The purpose of this study is to describe the interplay of adolescent girls' and young womens' self-concept, coping behaviors, and adjustment associated with knowledge of genetic risk for fragile X syndrome. We will report here findings on self-concept. Using a multi-group cross-sectional design this study focused on girls ages 14-25 years from families previously diagnosed with fragile X syndrome, who knew they were (1) carriers (n = 20; mean age 18.35 years s.d. 2.5), or (2) noncarriers (n = 18; mean age 17.78 years s.d. 2.69), or (3) at-risk to be carriers (n = 15; mean age 17.87 s.d. 3.18). The girls completed the Tennessee Self-Concept Scale (TSCS:2), a visual analog scale, and a guided interview. Total and all subscale scores on the TSCS:2 were in the normal range for all three groups.
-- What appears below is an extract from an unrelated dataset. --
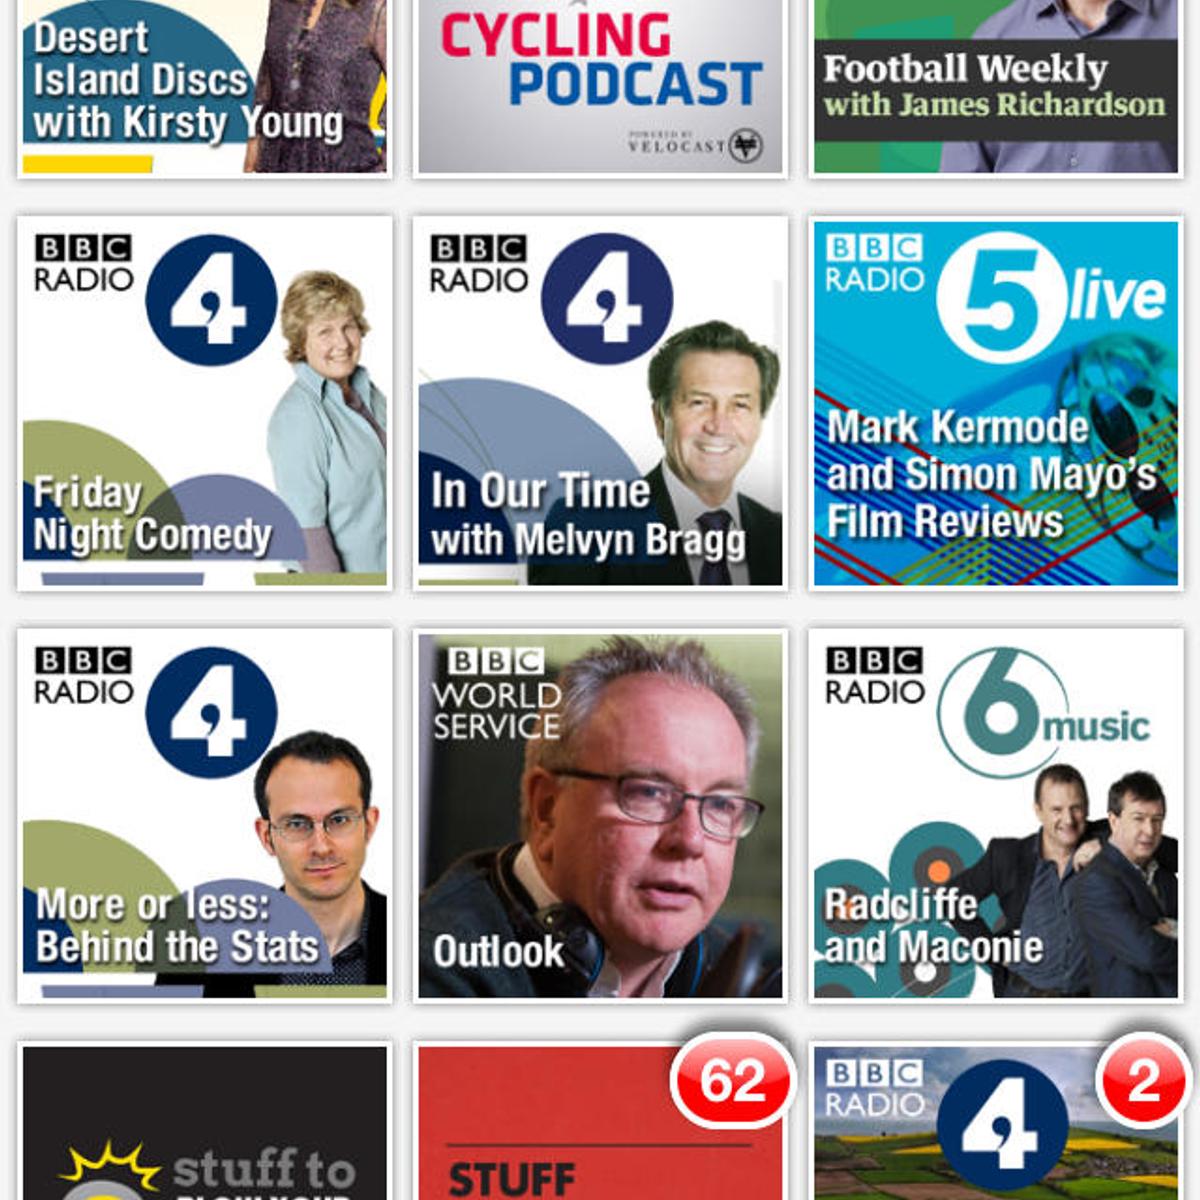 RSSRadio Podcast Downloader Alternatives and Similar Apps

However, threats to self-concept were found in personal self (physical self, genetic identity, and parental role), social self, and family self (family genetic identity) as they specifically related to the meaning of genetic information and varied based on risk status. Our findings suggest that risk information itself is threatening and for some girls, may be as threatening as learning one is a carrier. Certainty related to genetic risk status appears to make a positive difference for some girls by allowing them the opportunity to face the challenge of their genetic risk status and to begin to consider the meaning of this information.

(c) 2008 Wiley-Liss, Inc.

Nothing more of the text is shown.